Given material
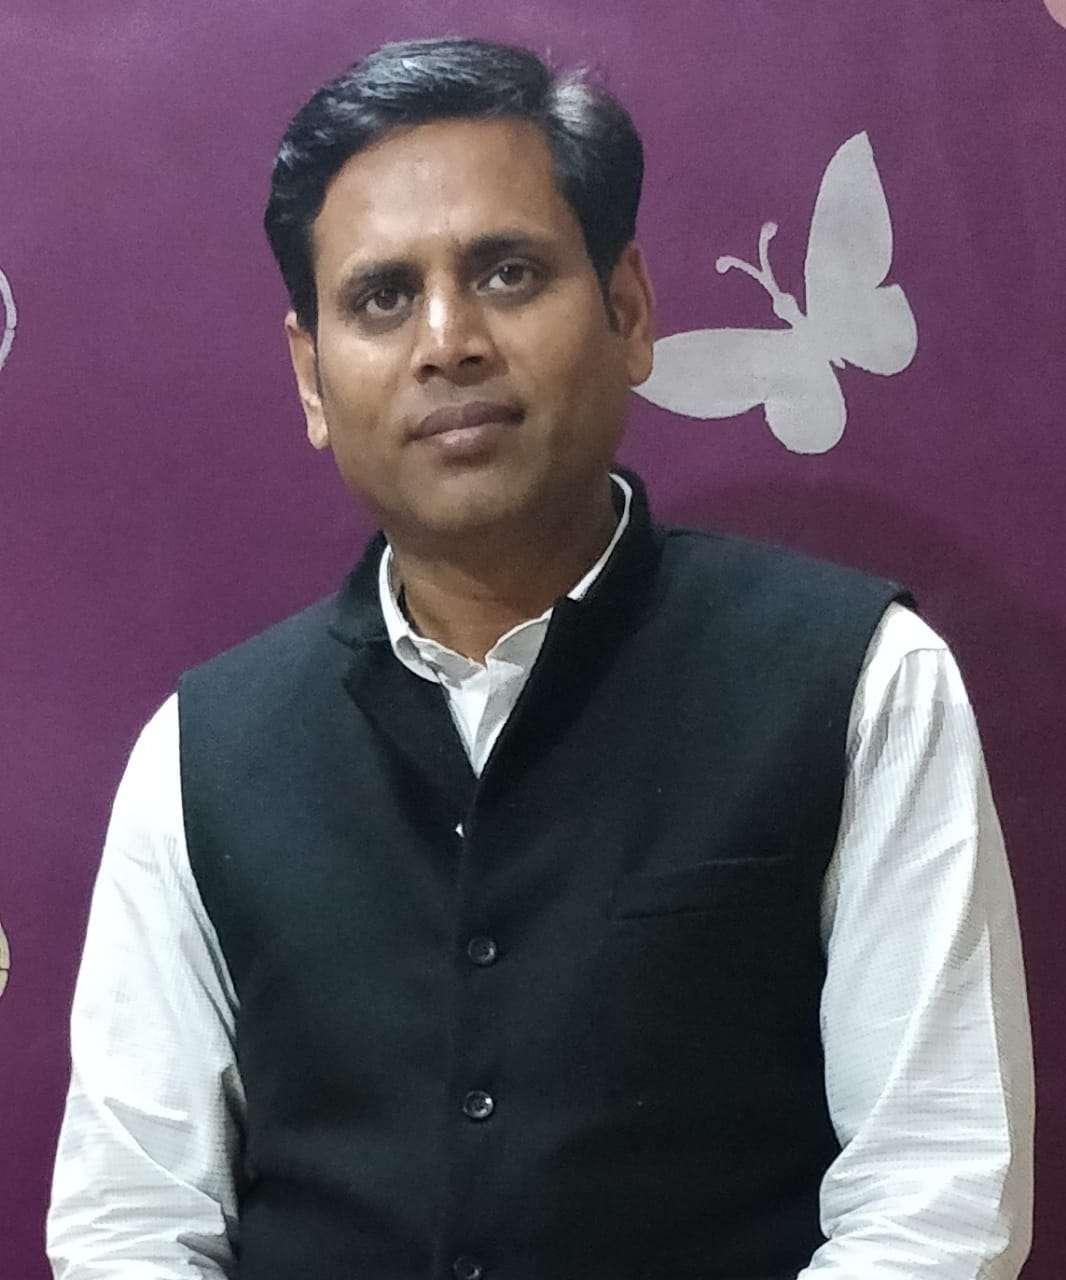 Aap leader Vineet Sharma
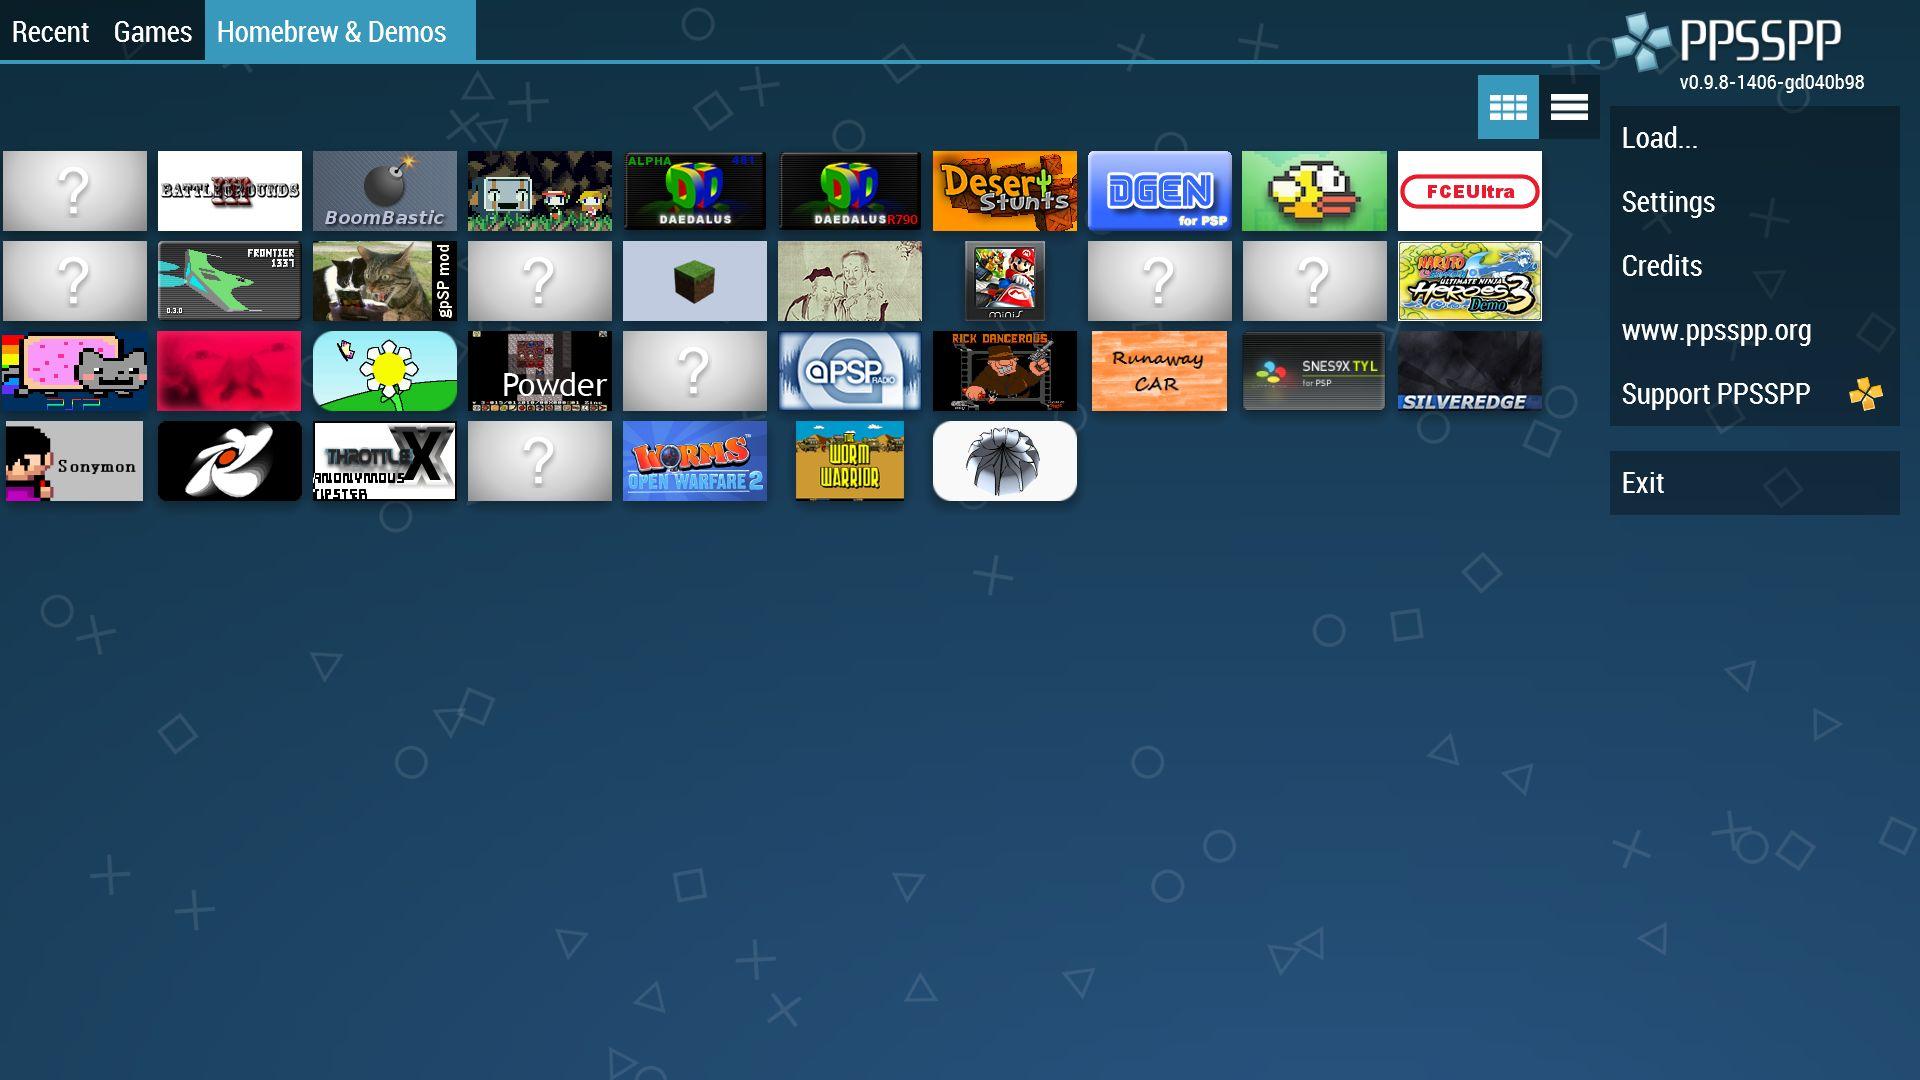 PPSSPP - PSP emulator 游戏截图2
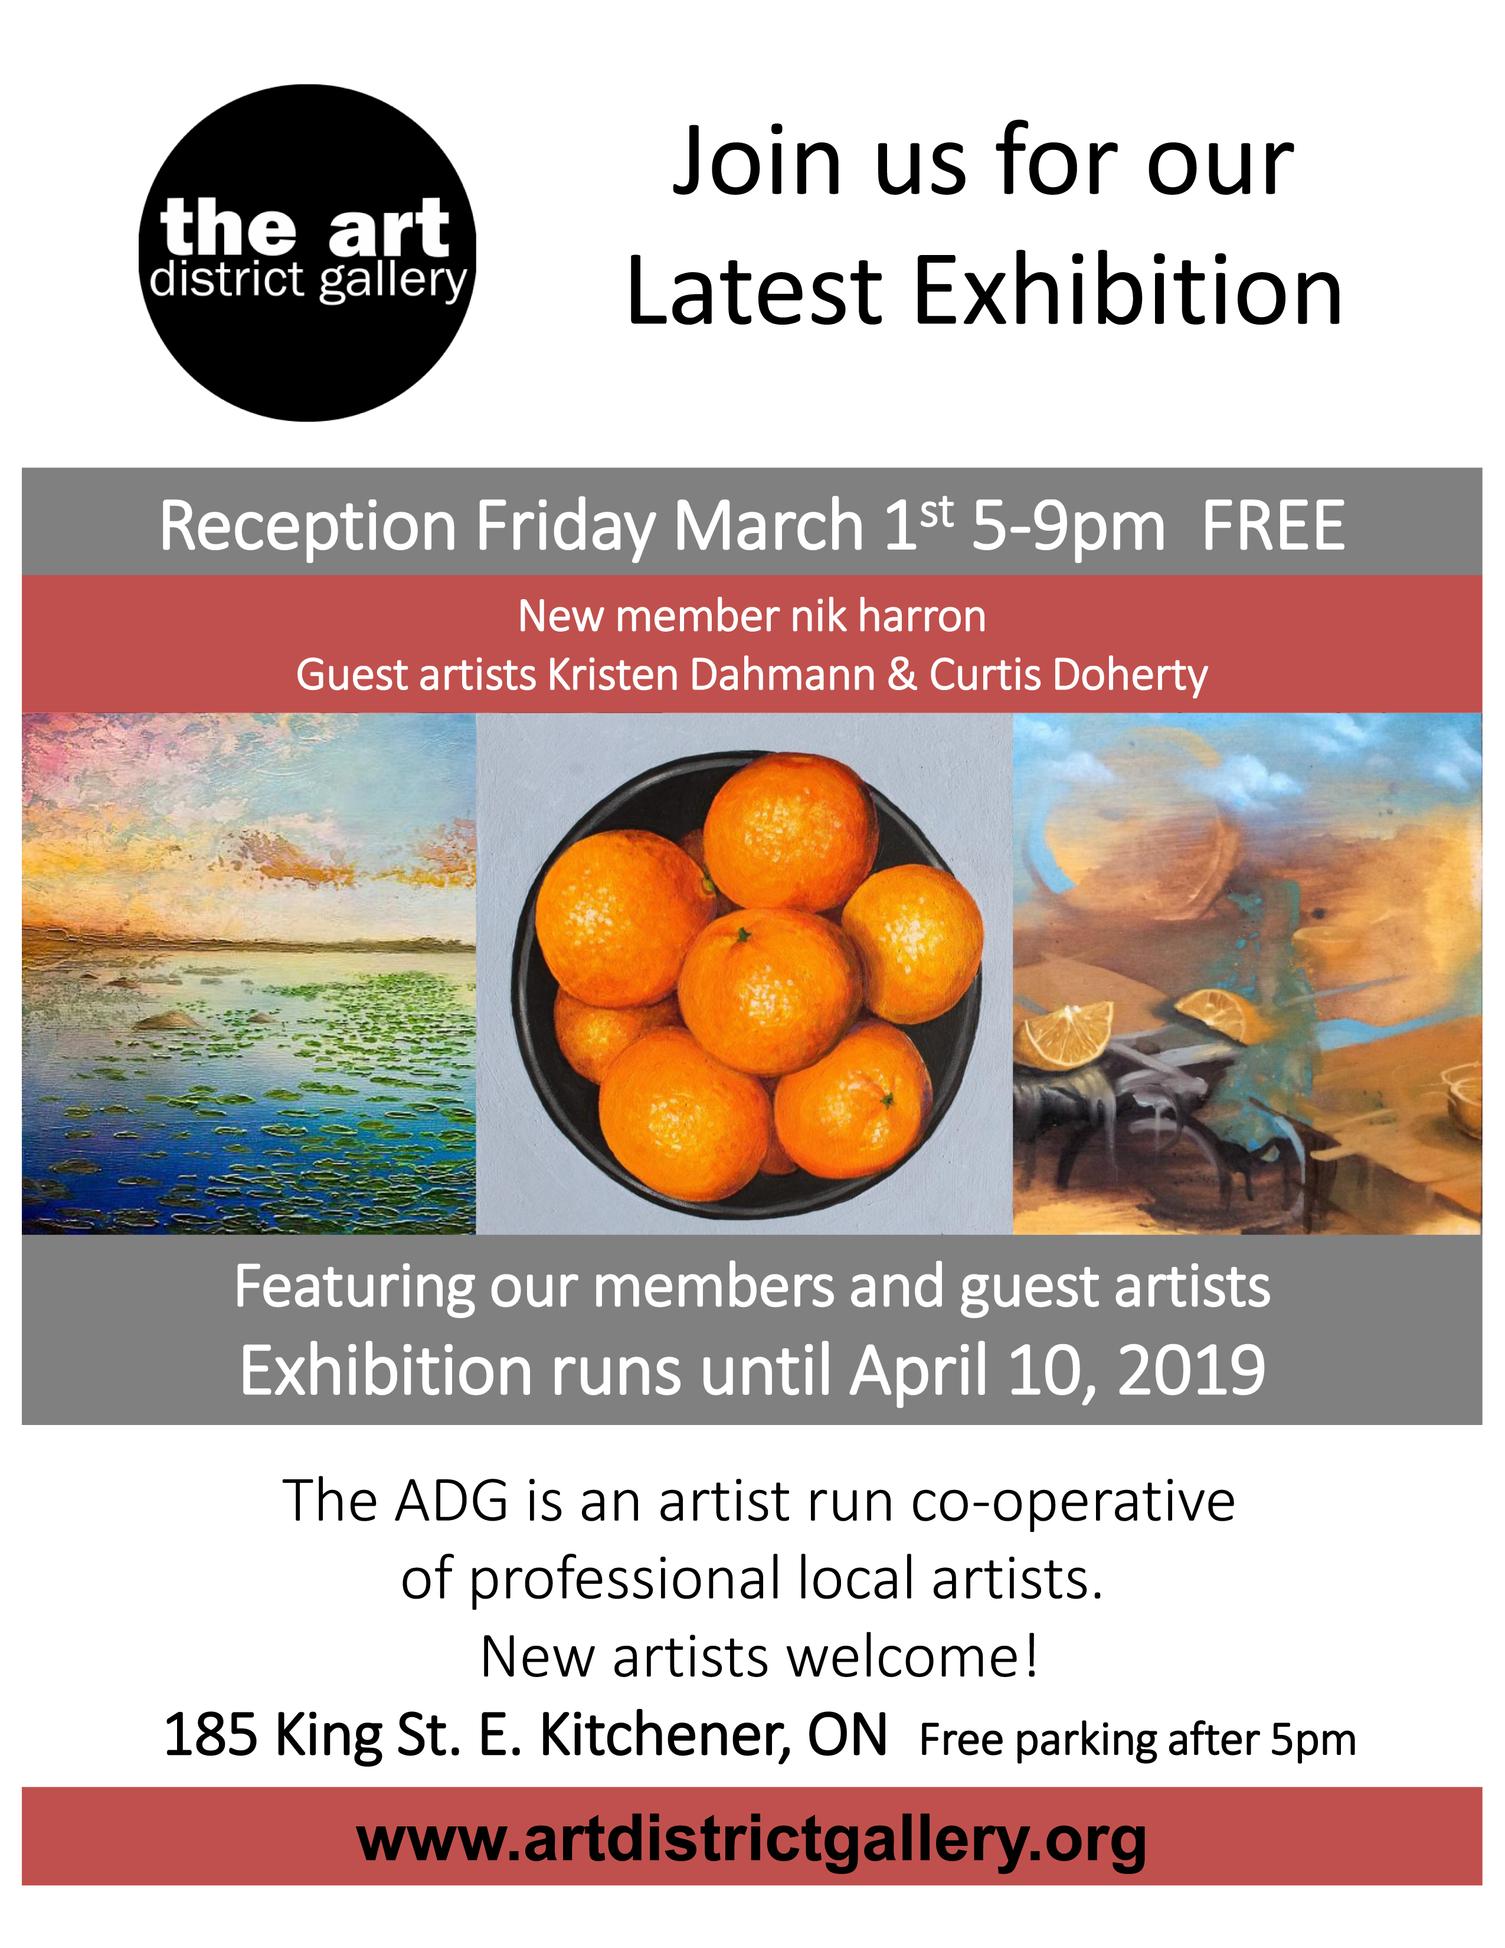 Art District Gallery - Reception March 1, 2019Show runs until April 10, 2019

Prompt
Output the span from the line with "PPSSPP - PSP emulator 游戏截图2" through the last line of the data, inclusive and exact, and omit every picture.

Exercise solution
 PPSSPP - PSP emulator 游戏截图2
 Art District Gallery - Reception March 1, 2019Show runs until April 10, 2019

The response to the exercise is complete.